Out of curiosity, I decided to video-tape my naps during the day yesterday and at night last night (which I of course transferred to the computer so I could do some analysis of the results... Am I a geek or what?). I was curious to see if there were any differences in the way I slept during different parts of the day. Sure enough, there are. At night, I snore and stop breathing regularly, even during my short naps. During the day I don't. I'm not sure why I sleep differently at night, but there are a few potential solutions to the problem now that I have something to attack.

First, I can use all my apnea tools (a BIPAP machine, a jaw positioning device, etc) and see how I sleep using those. Since this is just during the night naps it shouldn't be terribly inconvenient (I won't have to lug the stuff to parties for example).

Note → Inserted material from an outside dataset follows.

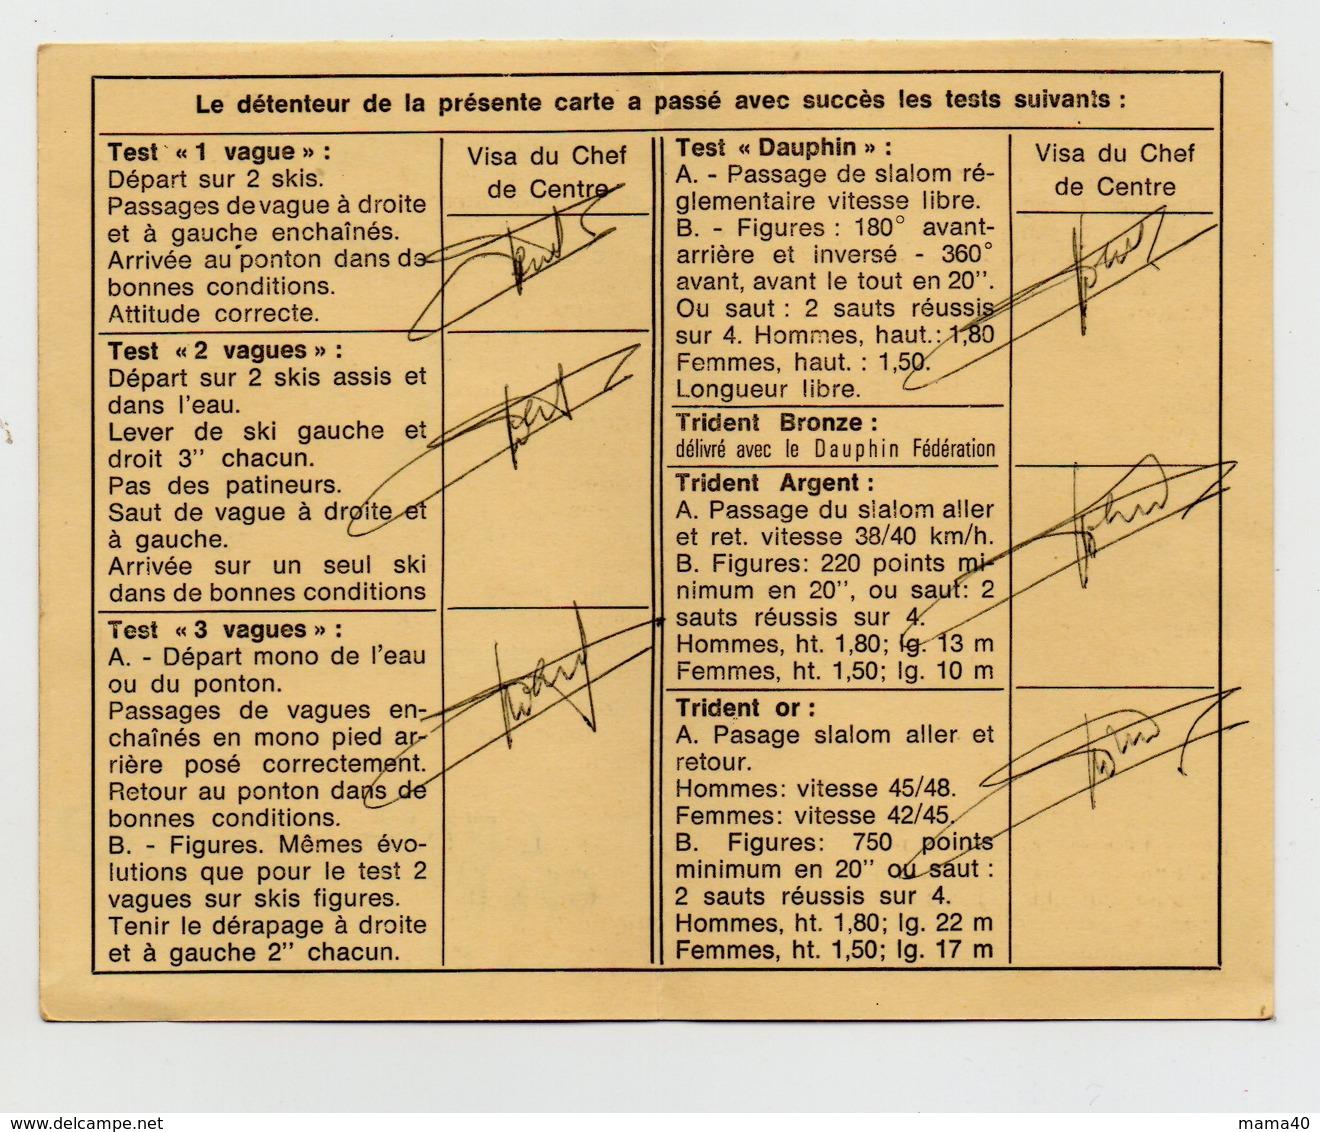 CARTE NOMINATIVE - CLUB MEDITERRANEE - SPORT -  SKI NAUTIQUE - CARNET DE CLASSEMENT - Vieux Papiers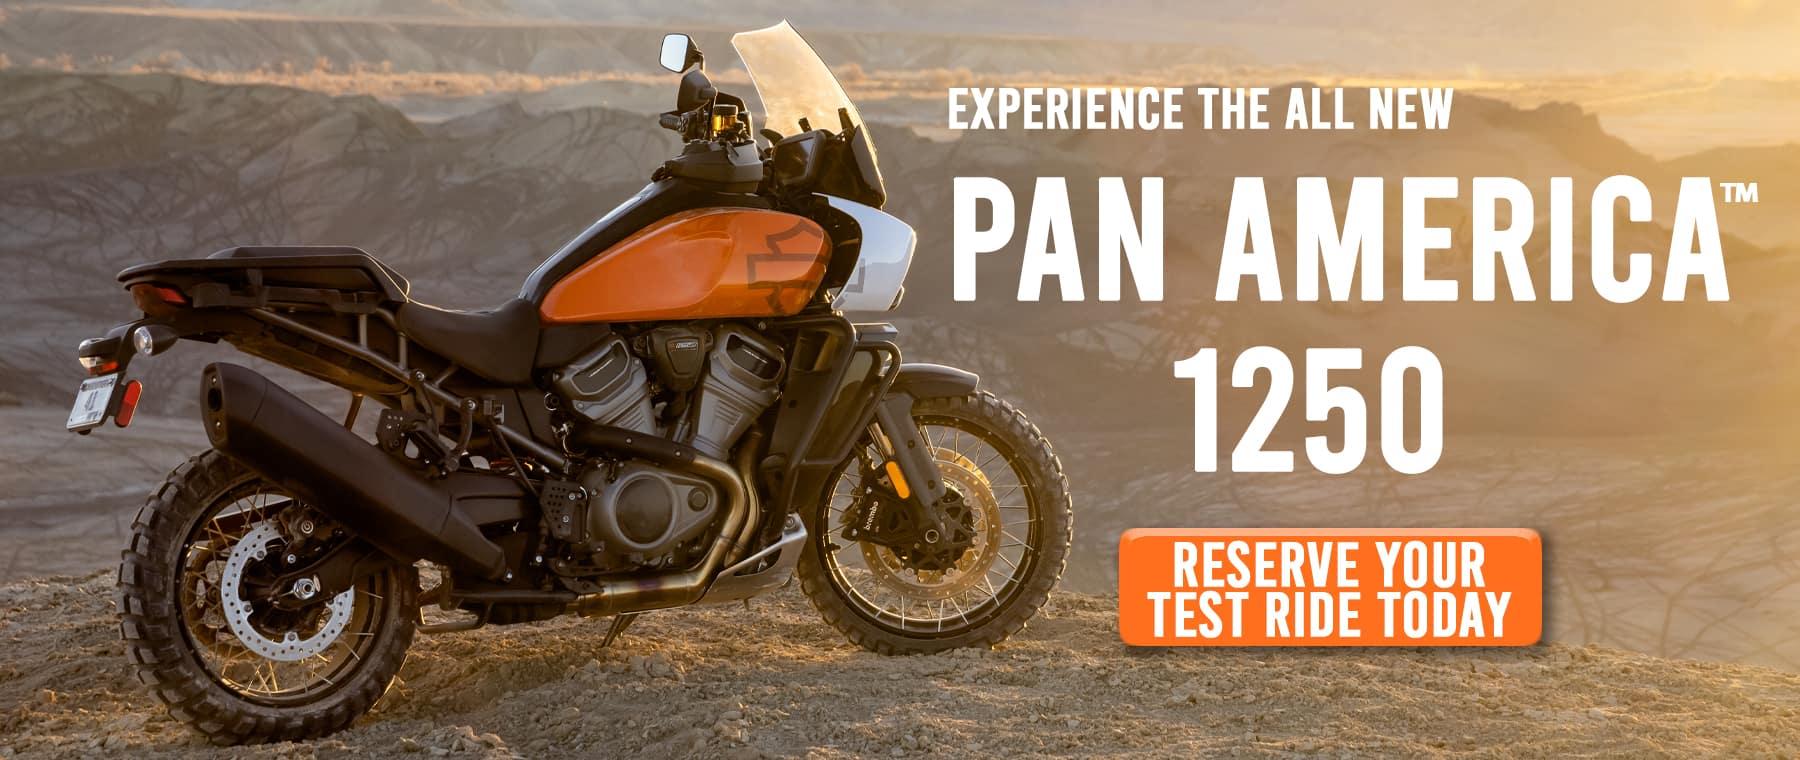 pan am test ride desktop

I wasn't able to tolerate the CPAP/BIPAP machine for a full night, but I might be able to for a 20 minute nap 2-3 times a night.

Secondly I can add naps during the night (not as many, hopefully) which should make up for the poor nap quality with quantity.

Thirdly I can try napping in other places/positions. Sitting up in a chair for example. That kind of thing can be painful for a longer sleep, but it should be tolerable for 20 minutes.

This is probably going to take a week or more to sort out, so I don't plan to keep a daily record of what I'm currently trying unless I hit upon something new or interesting. I'll definitely update with things that work and things that don't though. Maybe it'll be of help to another polyphasic apnea sufferer someday.

Day 8 - Testing my hypothesis

So if I'm right, taking some preemptive naps should help me with my 5am to 9am "dead" block. I've had 6 naps since 8:30pm and felt just fine before my 4:30 nap. It's 5:20 now and I'm more awake than I was the last the last couple of days but I'm far from on top of my game. So, there's definitely something more to this tiredness than naps and nap quality.